Lindsay can paint 1/x of a certain room in 20 minutes. What fraction

Question

Lindsay can paint 1/x of a certain room in 20 minutes. What fraction of the same room can Joseph paint in 20 minutes if the two of them can paint the room in an hour, working together at their respective rates?

A) 1/3x
B) 3x/(x – 3)
C) (x – 3)/3x
D) x/(x – 3)
E) (x – 3)/x

A.  \frac{1}{3x}

B.  \frac{3x}{(x – 3)}

C.  \frac{(x – 3)}{3x}

D.  \frac{x}{(x – 3)}

E.  \frac{(x – 3)}{x}

Bunuel · Accepted Answer

Since Lindsay can paint  \frac{3}{x}  of a room in 1 hour and together they paint  the whole room  in 1 hour then Joseph can paint  1-\frac{3}{x}=\frac{x-3}{x}  of a room in 1 hour --> in 20 minute or in  \frac{1}{3}  of an hour Joseph can paint  \frac{x-3}{3x}  of a room.

Answer: C.

zishu912 · Answer

Let's assume that total unit of work is 1 unit
Since Lindsay paints 1/x of certain paint in 20 minutes; therefore, the efficiency of Lindsay is 1/20x
and together they complete the 1 unit of work in 60 minutes, therefore their combined efficiency is 1/60

eff(Lindsay)+eff(joseph)=1/60
i/20x + eff(joseph) = 1/60
eff(joseph) = 1/60 - 1/20x =(x-3)/60x

so joseph will complete the work in 60x/(x-3) minutes

so in 20 minutes he will complete (x-3)/60x * 20 units of work = (x-3)/3x

Hremehre · Answer

Great approach by bunuel.

It is also an option to plug in numbers.
If x=3 then Lindsay paints 1/3 in 20 minutes = 3/3 in 1 hour, i.e. she paints the entire room herself.
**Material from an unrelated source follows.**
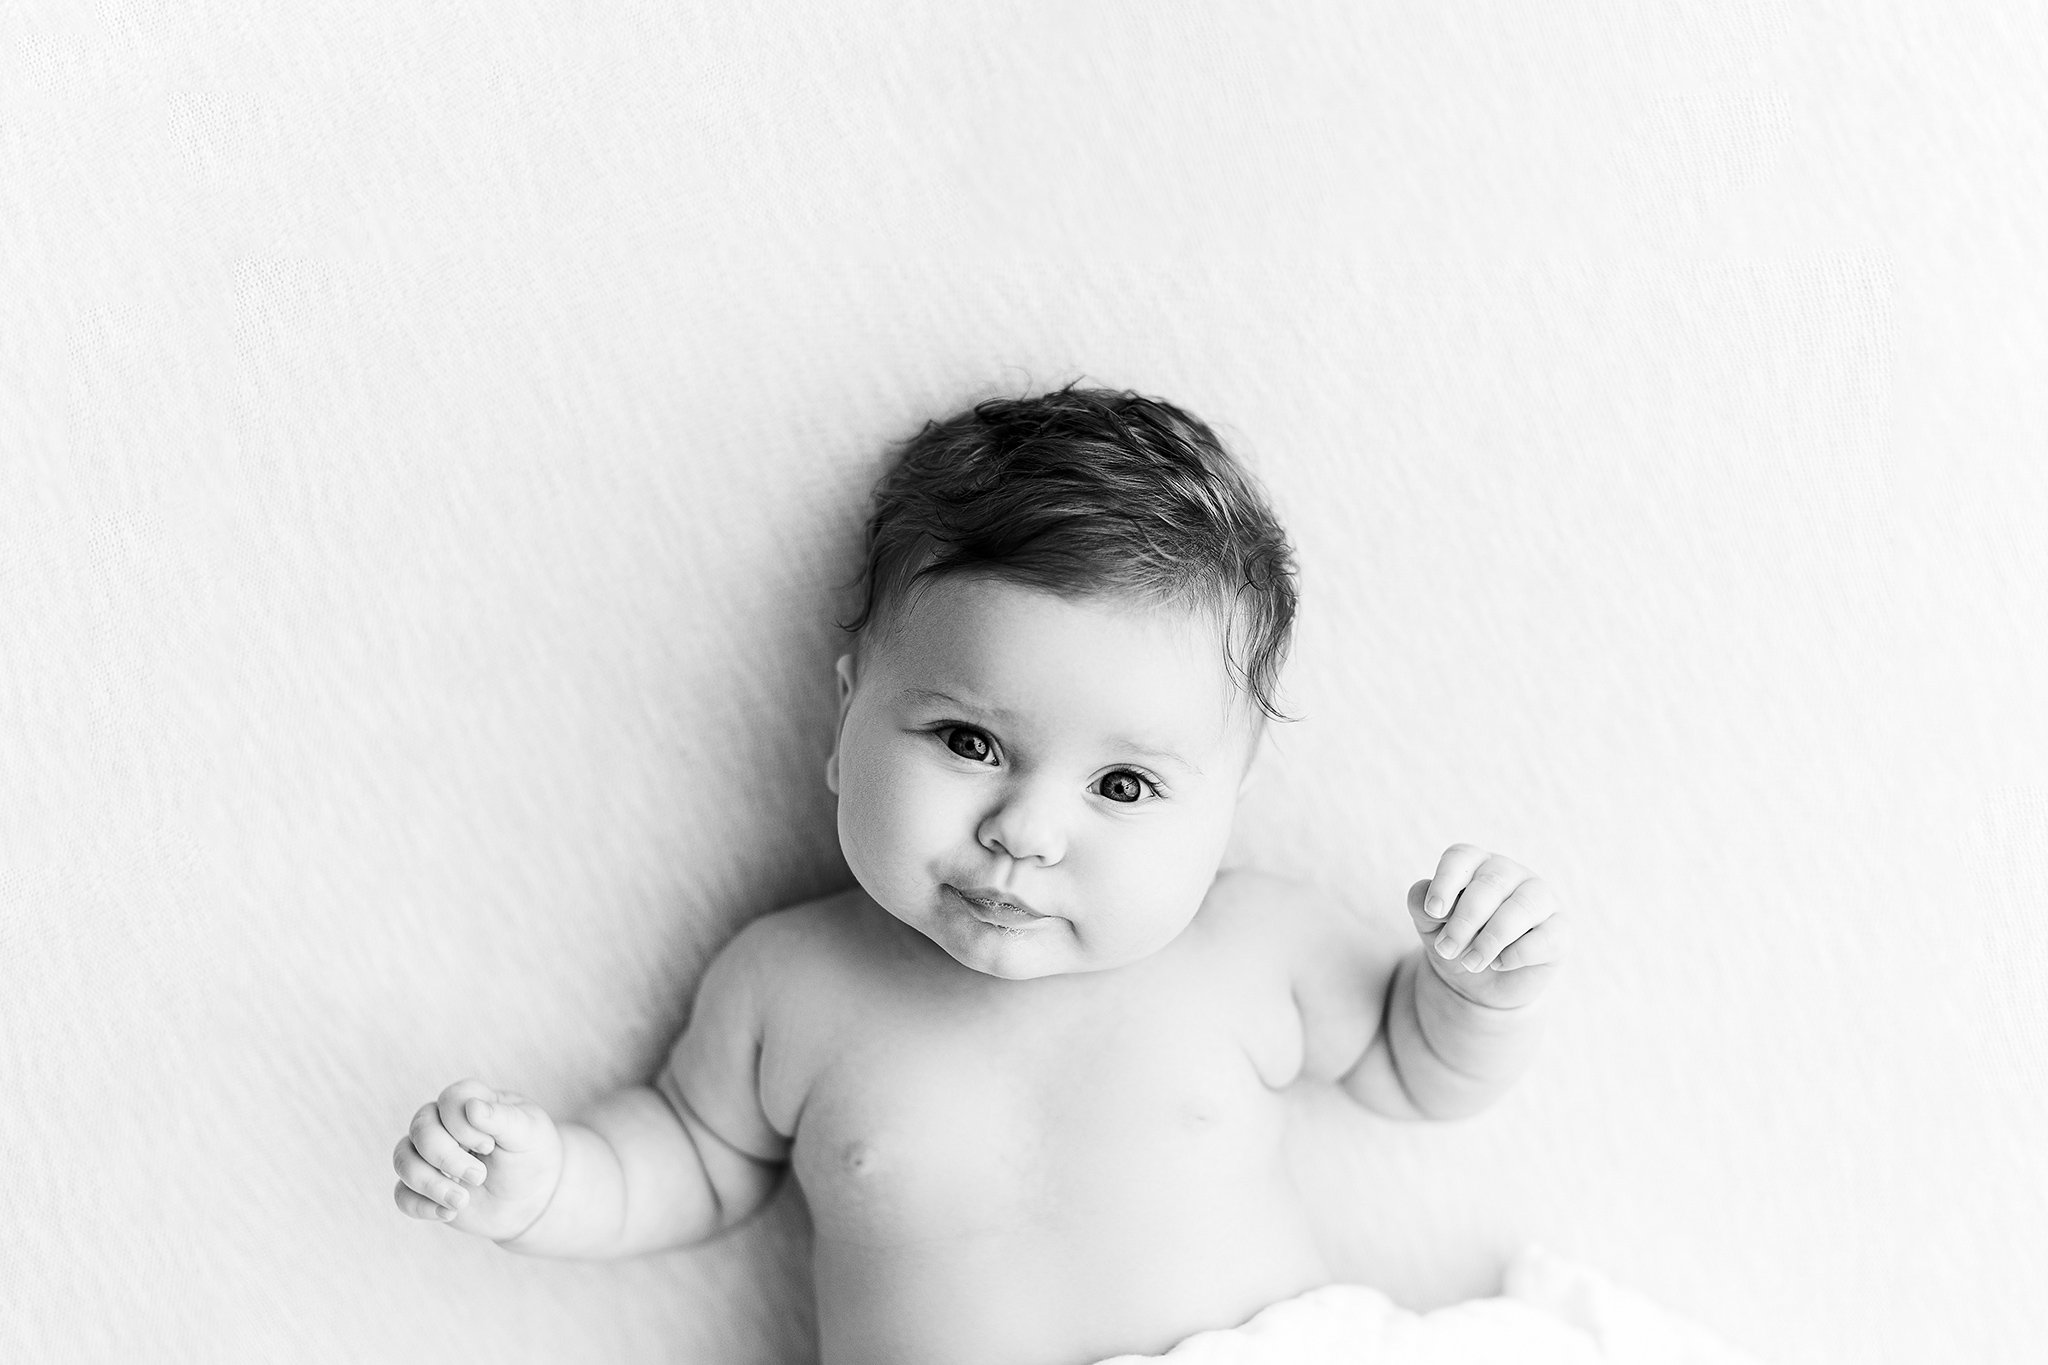 Allendale MI Newborn Photography, Newborn Photographer Near Me, Baby Photographer Allendale MI, Maternity Photography Allendale MI, maternity portraits, newborn portraits

Therefore x=3 should make Joseph = 0.
C and E achieves this goal
C: 3-3/3*3 = 0/9 = 0
E: 3-3/3 = 0/3 = 0

x=6 means Lindsay paints 1/6 room per 20 minuters = 3/6 = 1/2 room in 1 hour. Therefore x=6 should make Joseph paint 1/2 in 1 hour, i.e. 1/6 in 20 minutes (same work rate as Lindsay actually).
C: (6-3)/(3*6) = 3/18 = 1/6 correct
E: (6-3)/6 = 3/6 NOT correct

Answer is C.

KarishmaB · Answer

Since rate of Lindsay is not given, you can assume a rate. Of course, if we are going to assume, we will assume the simplest case - both have same rate.
Both working together, take 1 hour to paint. Say, their rates are same and they both take 2 hrs each when working individually. 
Since in 120 mins, Lindsay paints 1 room, she paints 1/6th (x = 6) of the room in 20 mins. So Joseph should also paint 1/6th of the room in 20 mins.
So, if x = 6, the correct option should give us 1/6.

Only (C) does that.

Bowtye · Answer

What a great question! I got so caught up solving for the portion that Joseph completed in the hour that I completely forgot to multiply by 1/3 at the end to actually answer the question. In an effort to complete the question fast, I picked E. If I read the question one more time after doing the math, I would have gotten it correct. Lesson learned! Thank you for sharing.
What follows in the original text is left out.